I still have this problem. I noticed that both in fedora 17 and fedora 18 it happens more often when using remmina to connect via rdp to a windows server. Using remmina I can reproduce at least once an hour.. Can anyone else confirm if they are using remmina too?
I use remmina sometimes. Fullscreen mode (unscaled) causes some really weird interactions with gnome-shell, but I don't recall it actually hanging it. Maybe crashing it though. I will try it again and see what happens.
This message is a reminder that Fedora 18 is nearing its end of life. Approximately 4 (four) weeks from now Fedora will stop maintaining and issuing updates for Fedora 18. It is Fedora's policy to close all bug reports from releases that are no longer maintained.
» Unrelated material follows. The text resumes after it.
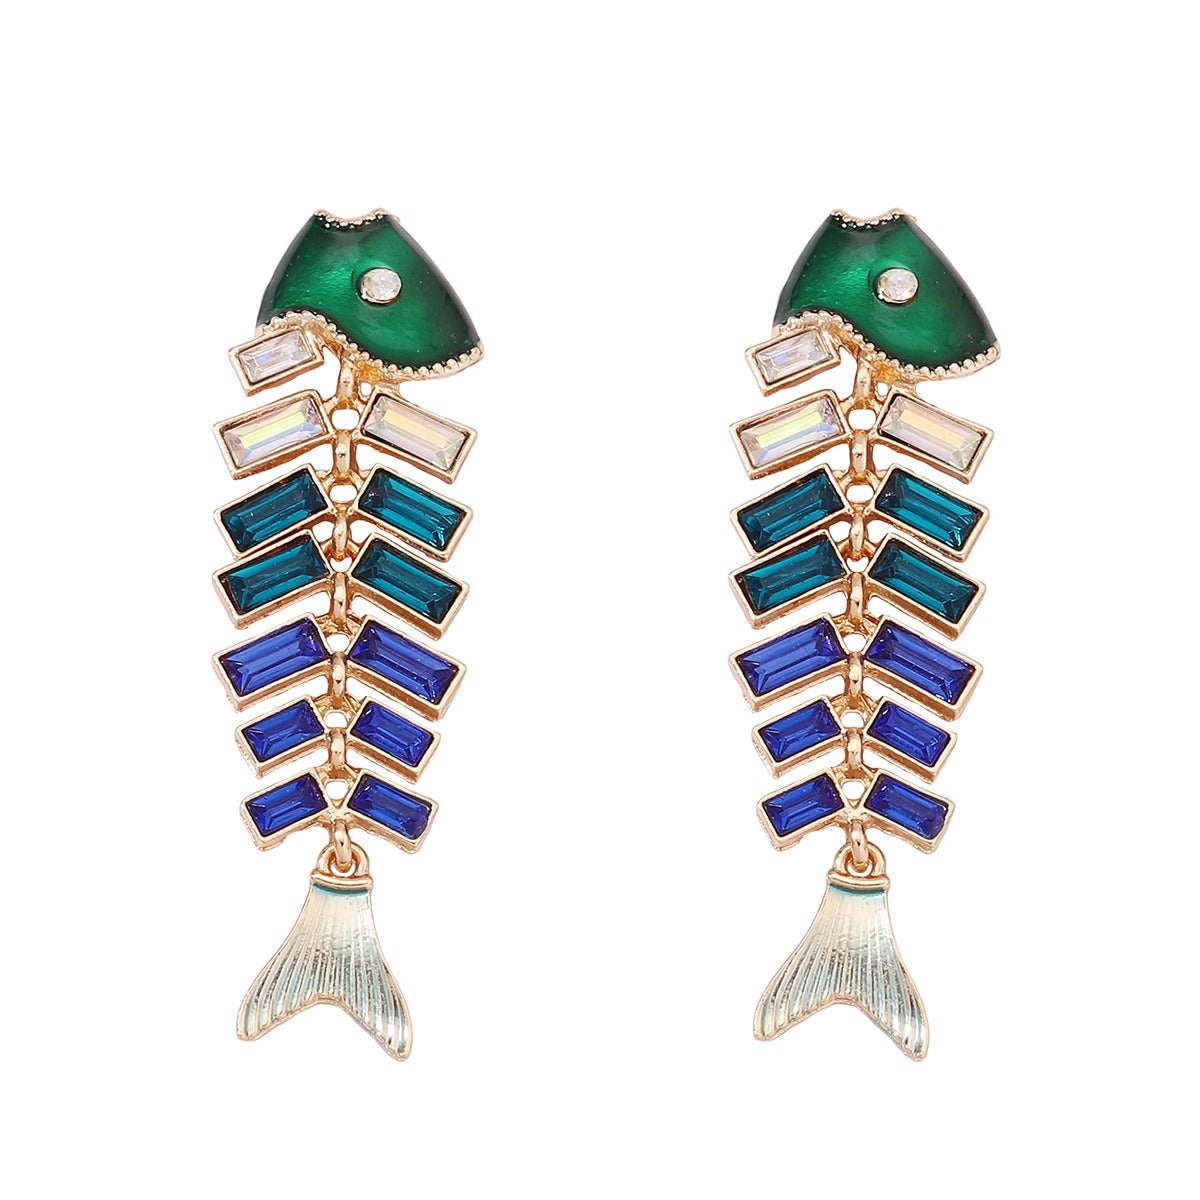 Retro fishbone earrings zinc alloy rhinestone stitching animal earrings for women

At that time this bug will be closed as WONTFIX if it remains open with a Fedora 'version' of '18'. Package Maintainer: If you wish for this bug to remain open because you plan to fix it in a currently maintained version, simply change the 'version' to a later Fedora version prior to Fedora 18's end of life. Thank you for reporting this issue and we are sorry that we may not be able to fix it before Fedora 18 is end of life. If you would still like to see this bug fixed and are able to reproduce it against a later version of Fedora, you are encouraged change the 'version' to a later Fedora version prior to Fedora 18's end of life. Although we aim to fix as many bugs as possible during every release's lifetime, sometimes those efforts are overtaken by events. Often a more recent Fedora release includes newer upstream software that fixes bugs or makes them obsolete.
Fedora 18 changed to end-of-life (EOL) status on 2014-01-14. Fedora 18 is no longer maintained, which means that it will not receive any further security or bug fix updates. As a result we are closing this bug. If you can reproduce this bug against a currently maintained version of Fedora please feel free to reopen this bug against that version. If you are unable to reopen this bug, please file a new report against the current release. If you experience problems, please add a comment to this bug. Thank you for reporting this bug and we are sorry it could not be fixed.